**WHAT THE TASK REQUIRES**
Wherever a picture sits, omit it. Output the rest of the listing exactly.

------ DATA SEGMENT

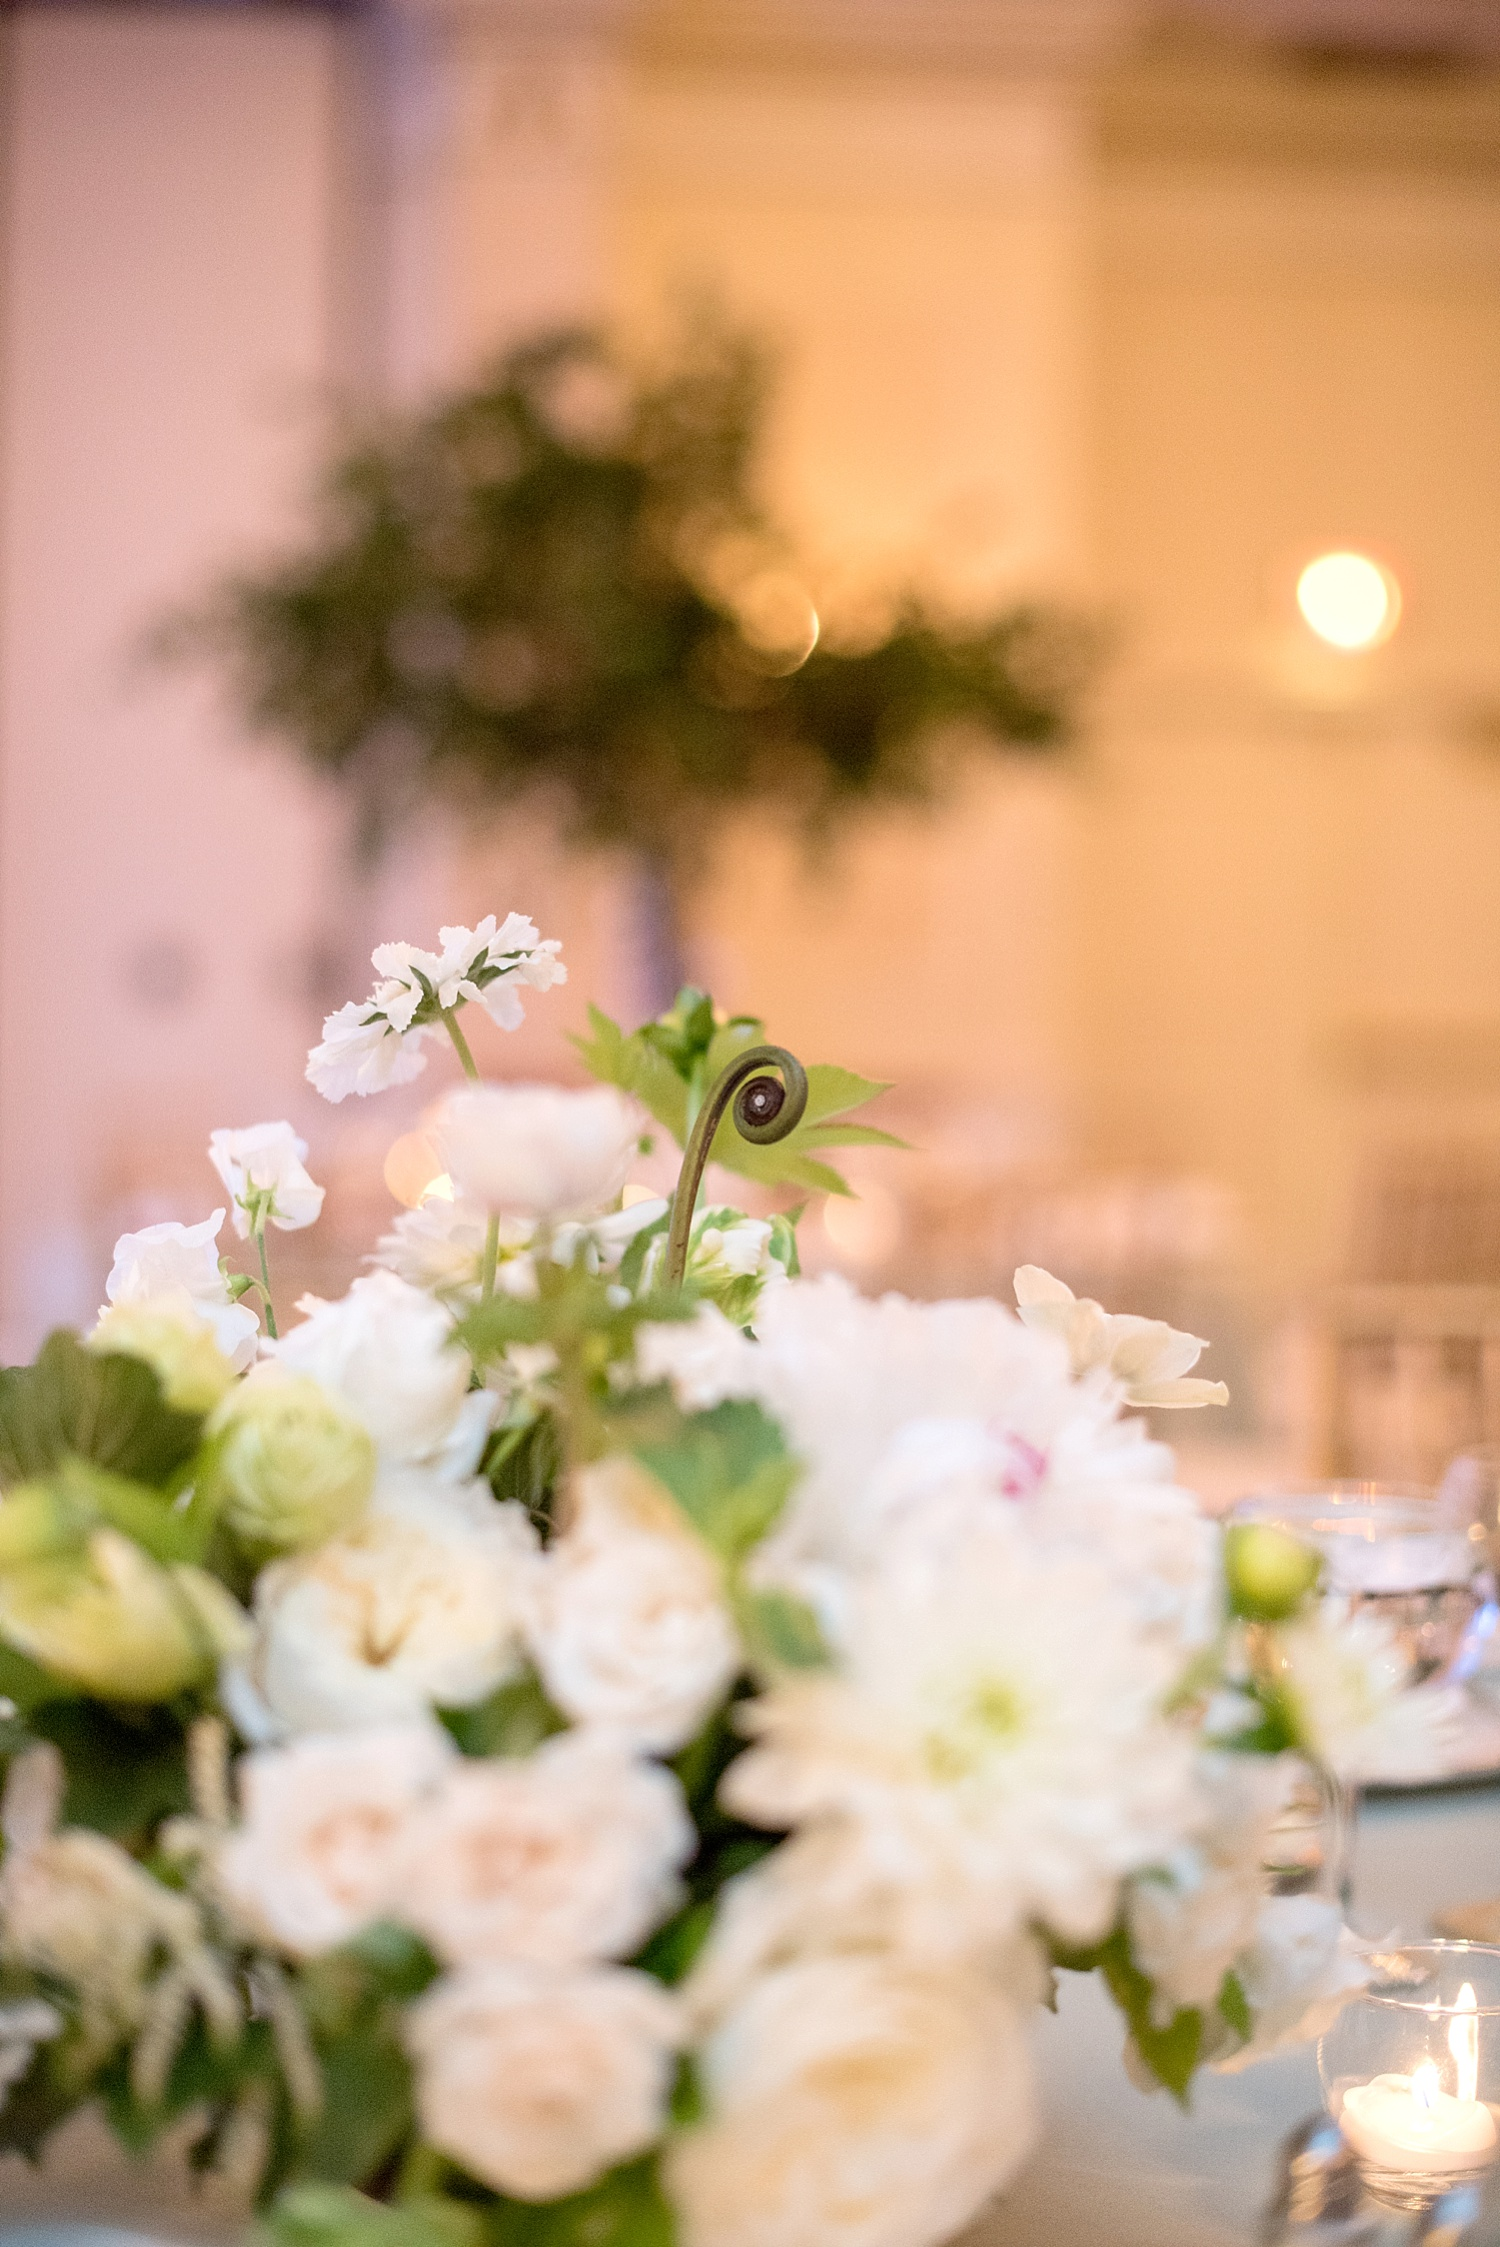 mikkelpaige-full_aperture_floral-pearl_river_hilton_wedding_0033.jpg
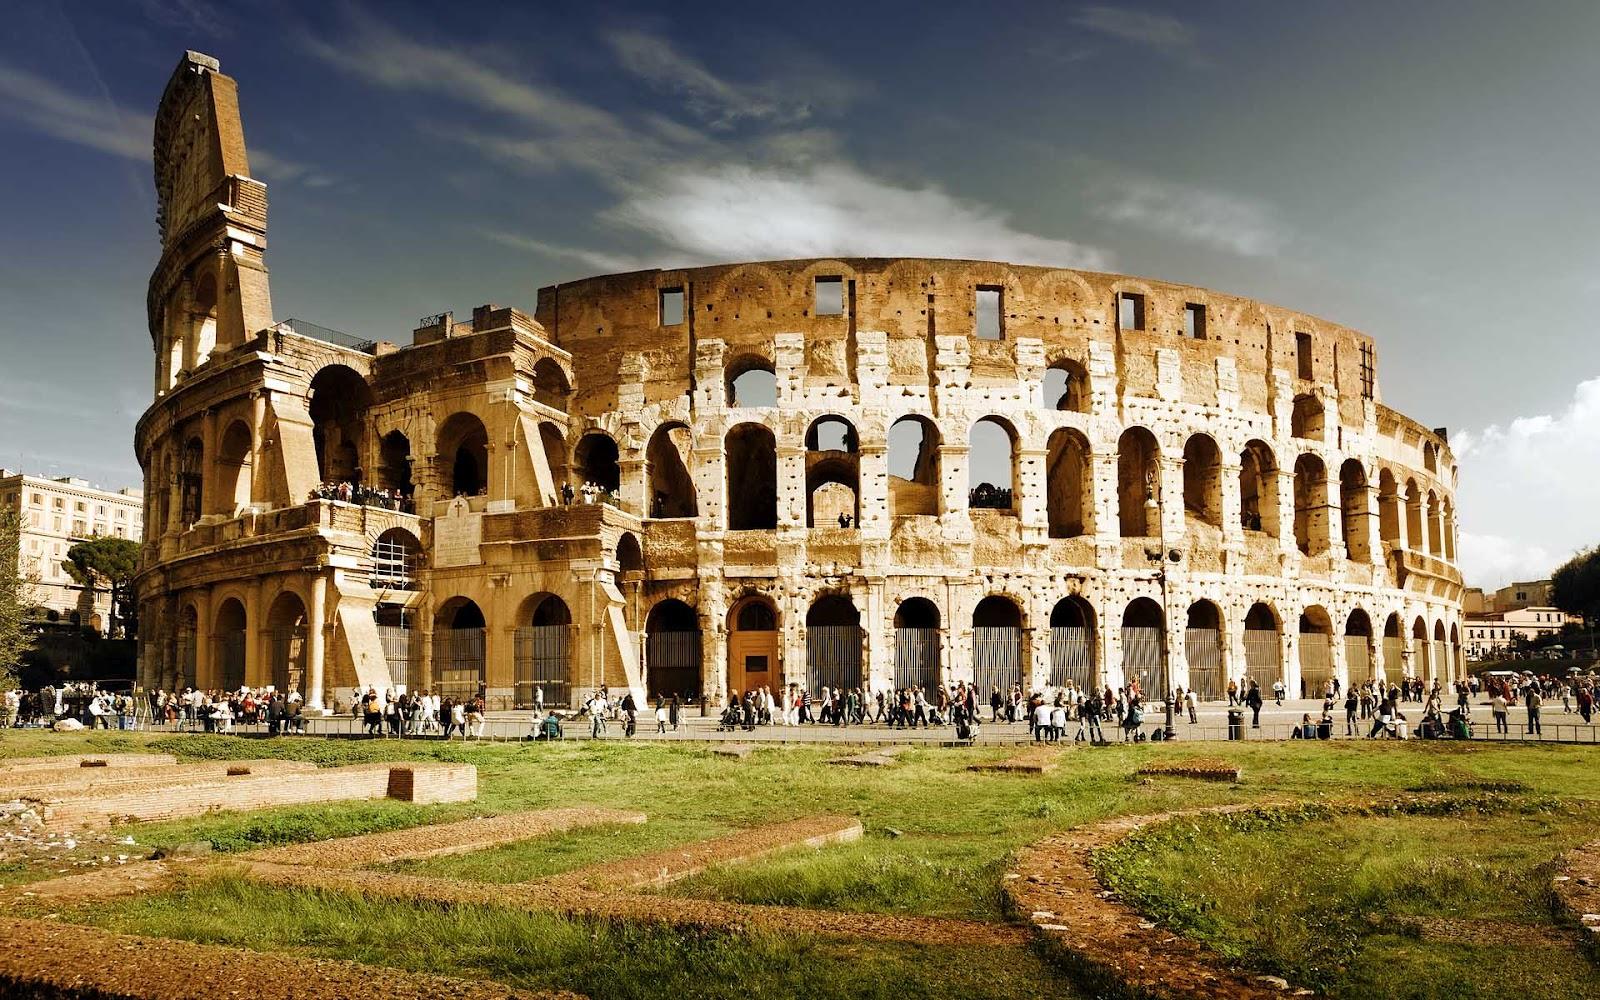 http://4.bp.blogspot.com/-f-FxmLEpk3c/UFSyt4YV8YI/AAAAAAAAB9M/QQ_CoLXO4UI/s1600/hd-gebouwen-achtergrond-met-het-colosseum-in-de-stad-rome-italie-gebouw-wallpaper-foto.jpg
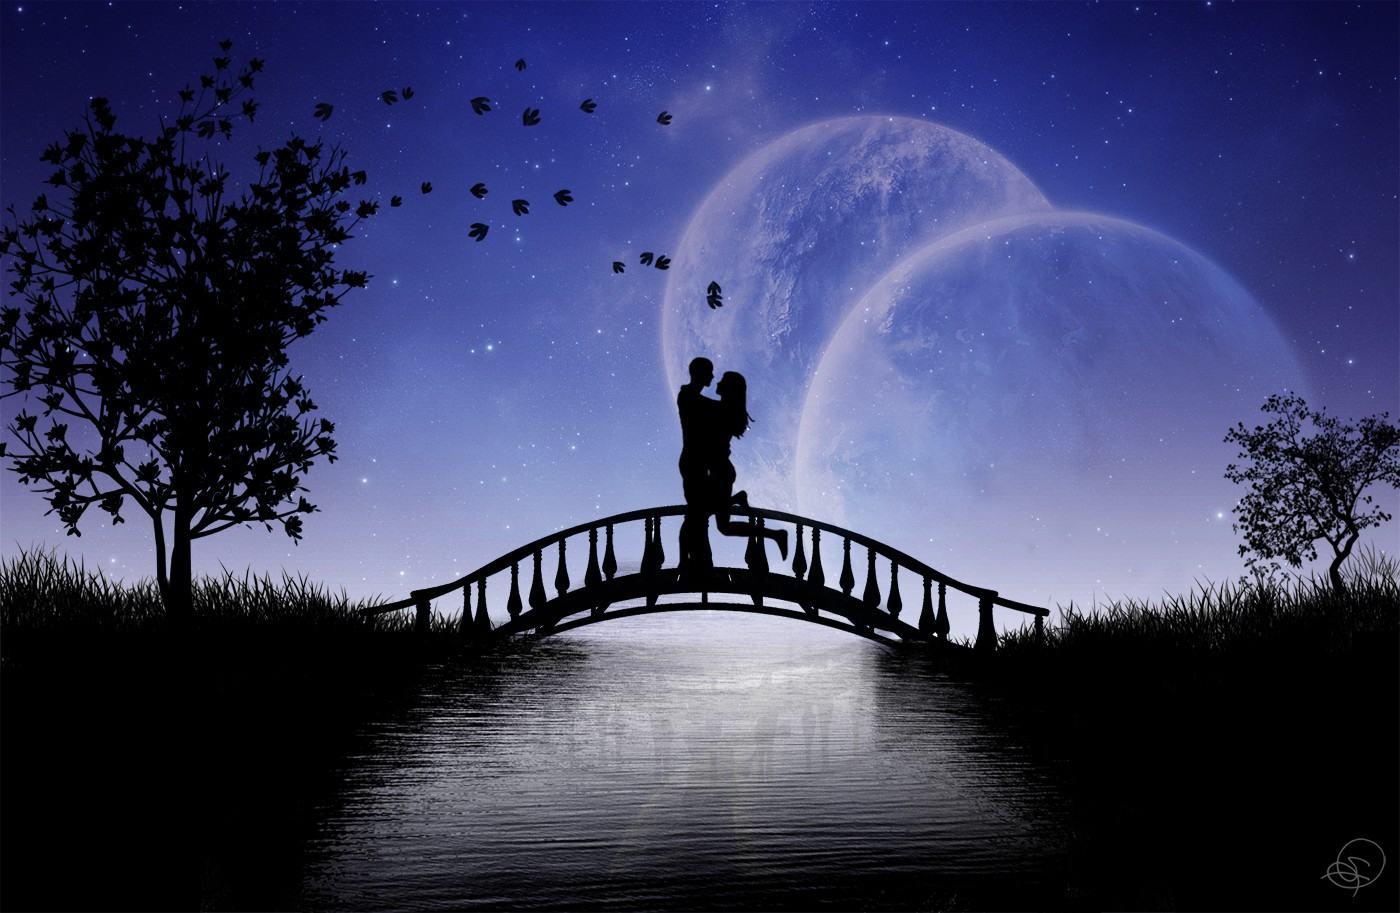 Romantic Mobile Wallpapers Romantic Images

------------

**EXERCISE ANSWER**
 mikkelpaige-full_aperture_floral-pearl_river_hilton_wedding_0033.jpg
 http://4.bp.blogspot.com/-f-FxmLEpk3c/UFSyt4YV8YI/AAAAAAAAB9M/QQ_CoLXO4UI/s1600/hd-gebouwen-achtergrond-met-het-colosseum-in-de-stad-rome-italie-gebouw-wallpaper-foto.jpg
 Romantic Mobile Wallpapers Romantic Images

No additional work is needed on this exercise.